In recent years, Latex has become the dominant flavor, because of its flexibility. It subsumes the other flavors. For instance, if you include in your latex file the line \usepackage{amscls,amsmath} then you get most of the capabilities and commands introduced in AMS-tex and AMS-Latex.

Thus, in recent years, Latex has become the standard. The other flavors are still used by some old-timers who haven't bothered to learn a new system, but I believe their numbers are diminishing faster than they are being replaced by new users. I would not recommend that you learn any of the other flavors, except possibly if you need to study some old documents or work with one of those old-timers. Throughout the rest of this document the term "tex" will mean Latex.
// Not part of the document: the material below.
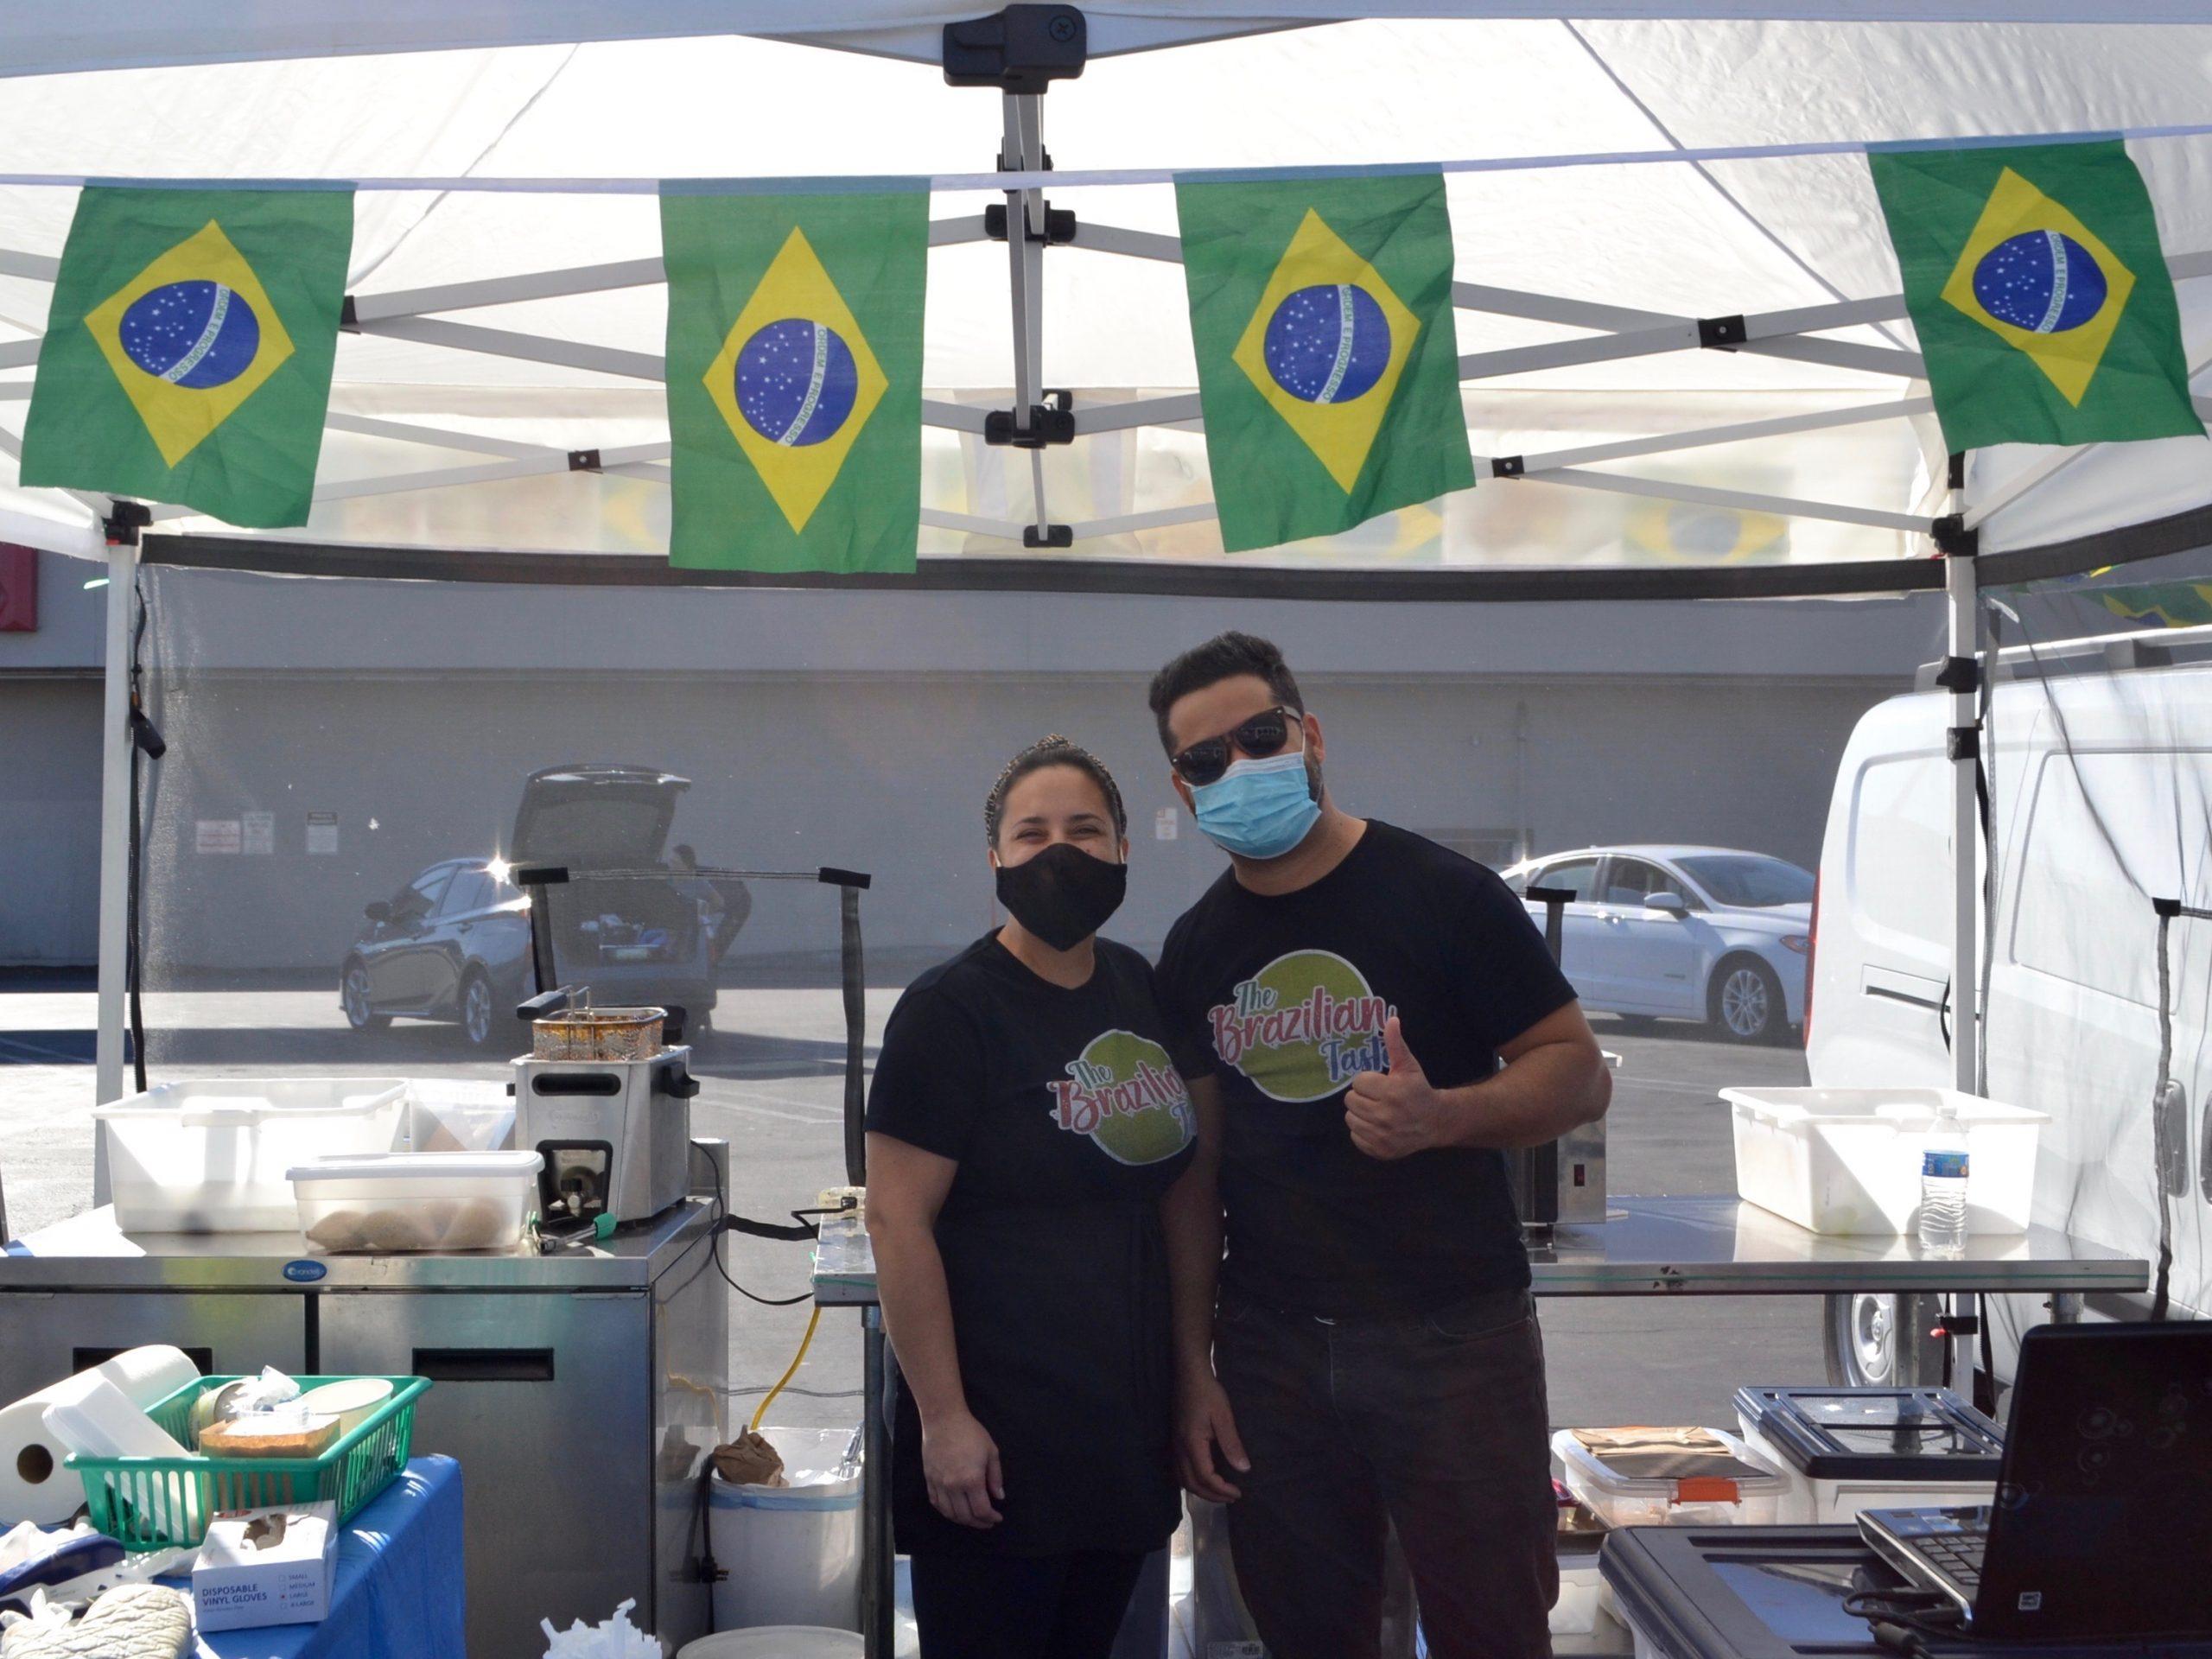 brazilian taste

TeX is for typesetting, but how does it work? It is a markup language, like HTML -- as opposed to a plain text document or a formatted word-processor document. Those terms are explained below.

  1. Plain text documents are documents with no boldface, italics, symbols, or other fancy features. They have
    very plain, ordinary text, like this
    They can be edited with text editors such as Emacs, VI, Windows Notepad, MS-DOS Edit, Pico, etc. Plain text files are sometimes known as ASCII files. (That stands for "American Standard Code for Information Interchange.") For example, on Windows computers, look for the file "C:\WINDOWS\SYSTEM32\EULA.TXT". If you double-click on it, it will start up Notepad. (Your Windows computer also contains many text files with the file ending "INI", but you should not edit those unless you really know what you are doing -- those are program initialization files, and if you mess them up your programs, (or even your operating system, won't work. If you want to look at those in Notepad, why don't you make duplicate copies and look at the duplicates instead.)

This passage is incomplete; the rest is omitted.